What I’m Reading: A Murmuration of Starlings

A Murmuration of Starlings is Jake Adam York’s second book of poems and winner of the 2007 Crab Orchard Series in Poetry–Open Competition. While I’ve admired York’s poems in journals over the past couple of years, I missed his first book Murder Ballads and plan to go back to that as soon as possible.

The opening poem of A Murmuration of Starlings, “Shall Be Taught to Speak,” begins with the familiar territory of how European Starlings were introduced to America in 1890 in an attempt to populate North America with all of the birds mentioned in Shakespeare. However, the poem then makes a dramatic shift to a photograph of a lynching in Arkansas from the same time period. This twining of the images of starlings and racial discord sets the theme for the rest of the book, which is mostly concerned with the Civil Rights era. At first, I thought the poem a bit heavy-handed in the connection; however, on reading the complete book, I have come to appreciate its place.

The rest of the book is wave on wave of poems that circle one of the most painful episodes in our history, poems of Emmet Till, riots, and the Birmingham church bombings. While the poems serve as historical markers, they are transformed by the careful weaving of one extended metaphor that is ever-changing: the starlings as darkness, threat, voice in the face of silence, all the buried secrets that refuse to remain unheard.

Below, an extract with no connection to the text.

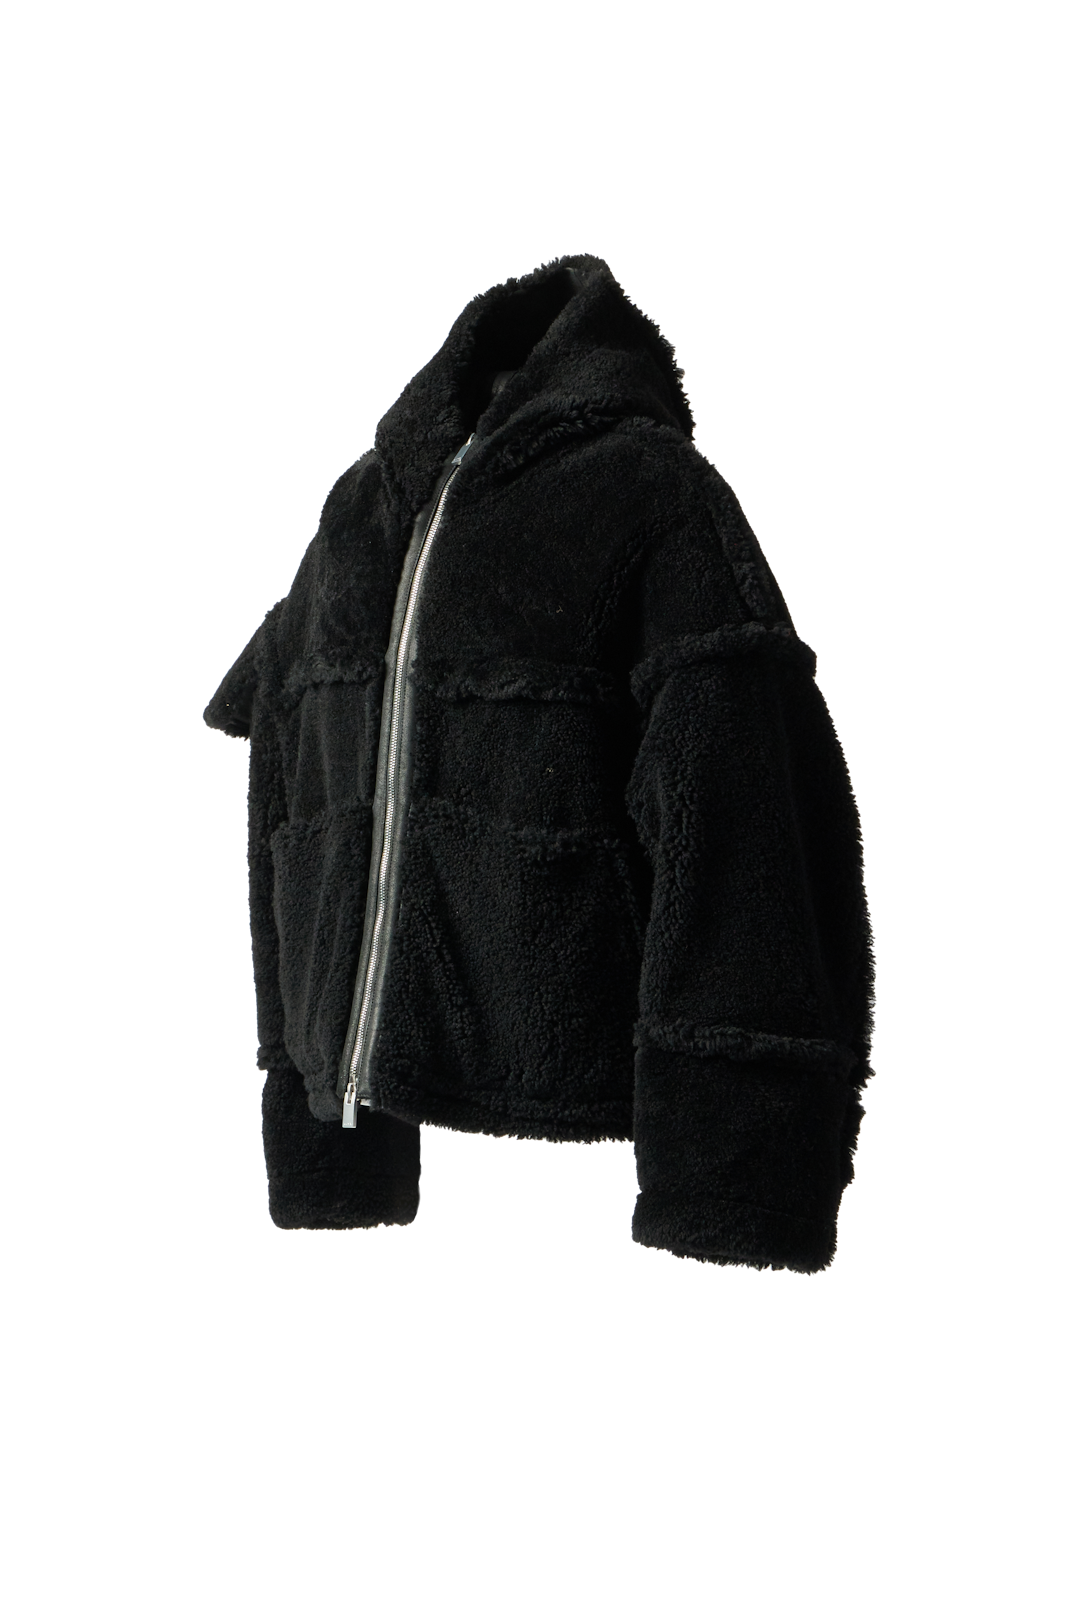 1017 ALYX 9SM - Shearling Jacket product image

With subject matter so laced through with emotion, it is sometimes easy for a poet to let the themes carry the poem, to let technique slip; not York. He is a master of sound and line. He does not rely on hard end-rhymes but nests sounds within lines and then lets them echo throughout the poems, something subtle and haunting.

This is a book heavy with history. Living now in the south, I’m left with the question: How do we rise, phoenix-like, from so much hate?

York’s website offers this about the book:
A Murmuration of Starlings is the second in a projected series of volumes that elegize the martyrs of the Civil Rights Movement.

I inadvertently began this series in the course of composing Murder Ballads when poems about industrial accidents in Alabama’s steel industry lead me into the veins of the state’s racial history, through which I found my way to (or, more properly, back to) the stories of the Civil Rights Movement, particularly the gruesome murders of those whose names are inscribed on the Civil Rights Memorial in Montgomery, Alabama. After Murder Ballads was complete, I dedicated myself to extending into a series the poems for the Civil Rights Martyrs, and within about 18 months, I had a series of poems revolving around an exploration of the Emmitt Till murder trial and an exploration of the murder of Jimmie Lee Jackson.